The women's eight competition at the 2023 World Rowing Championships took place at Lake Sava, in Belgrade.

==Schedule==
The schedule was as follows:

| Date | Time | Round |
| Tuesday 5 September 2023 | 13:40 | Heats |
| Friday 8 September 2023 | 11:25 | Repechages |
| Sunday 10 September 2023 | 11:51 | Final B |
| 14:10 | Final A |

All times are Central European Summer Time (UTC+2)

==Results==
===Heats===
The fastest two boats in each heat advanced directly to the A final.
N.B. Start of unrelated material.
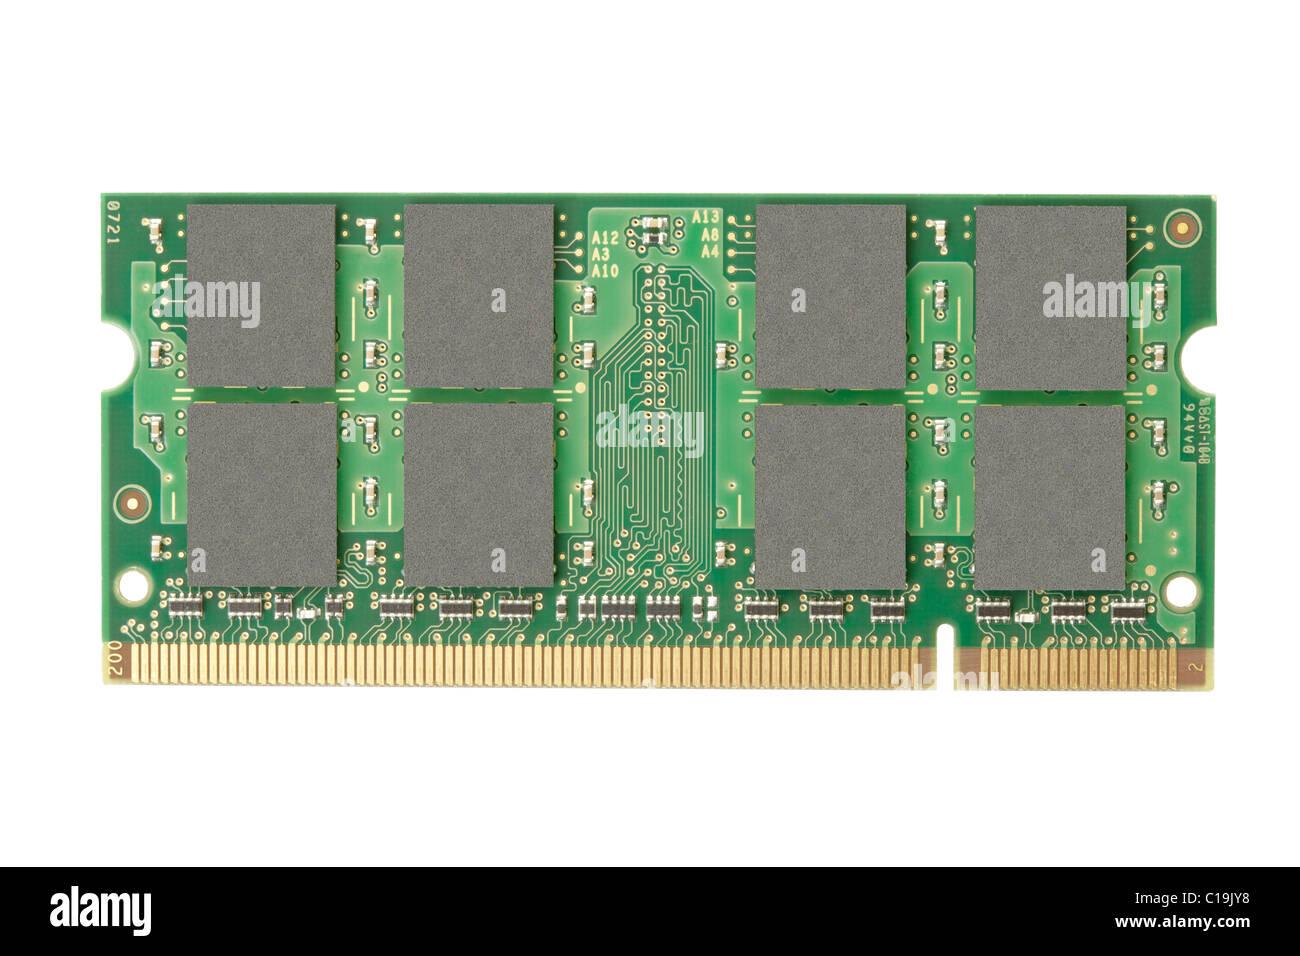 Ram memory isolated on white background Stock Photo

The remaining boats were sent to the repechage.

====Heat 1====

| Rank | Rower | Country | Time | Notes |
|---|---|---|---|---|
| 1 | Froehlich, Hedeman, Thoennes, Salmons, Hagstrom, Mooney, Mazzio-Manson, Buck, Castagna | United States | 6:18.36 | FA |
| 2 | Barr, Gleeson, Aldersey, Triggs, Rowe, Swick, Goodman, Cox, Verbunt | Australia | 6:20.56 | R |
| 3 | Deane, Sevick, Edwards, Cronk, Gruchalla-Wesierski, Rosts, Payne, Wasteneys, Kit | Canada | 6:23.92 | R |
| 4 | Liu Nan, Yu Wen, Bao Lijun, Yu Siyuan, Xie Xiaohan, Zhang Hairong, Ren Wanning, Dong Xiya, Xu Xiaohan | China | 6:40.39 | R |

====Heat 2====

| Rank | Rower | Country | Time | Notes |
|---|---|---|---|---|
| 1 | Rusu, Anghel, Adam, Buhus, Beres, Tivodariu, Vrinceanu, Beres, Petreanu | Romania | 6:17.67 | FA |
| 2 | Morrice, Edwards, Irwin, Bennett, Booth, Ford, Taylor, Campbell-Orde, Fieldman | Great Britain | 6:23.85 | R |
| 3 | Pelacchi, De Filippis, Gnatta, Rocek, Codato, Terrazzi, Mondelli, Bumbaca, Capponi | Italy | 6:25.31 | R |
| 4 | Lebahn, Saccomando, Heuser, Galland, Fritz, Clotten, Mührs, Kerstan, Fisch | Germany | 6:39.51 | R |

===Repechage===
The fastest four boats advanced to the A final. The remaining boats were sent to the B final.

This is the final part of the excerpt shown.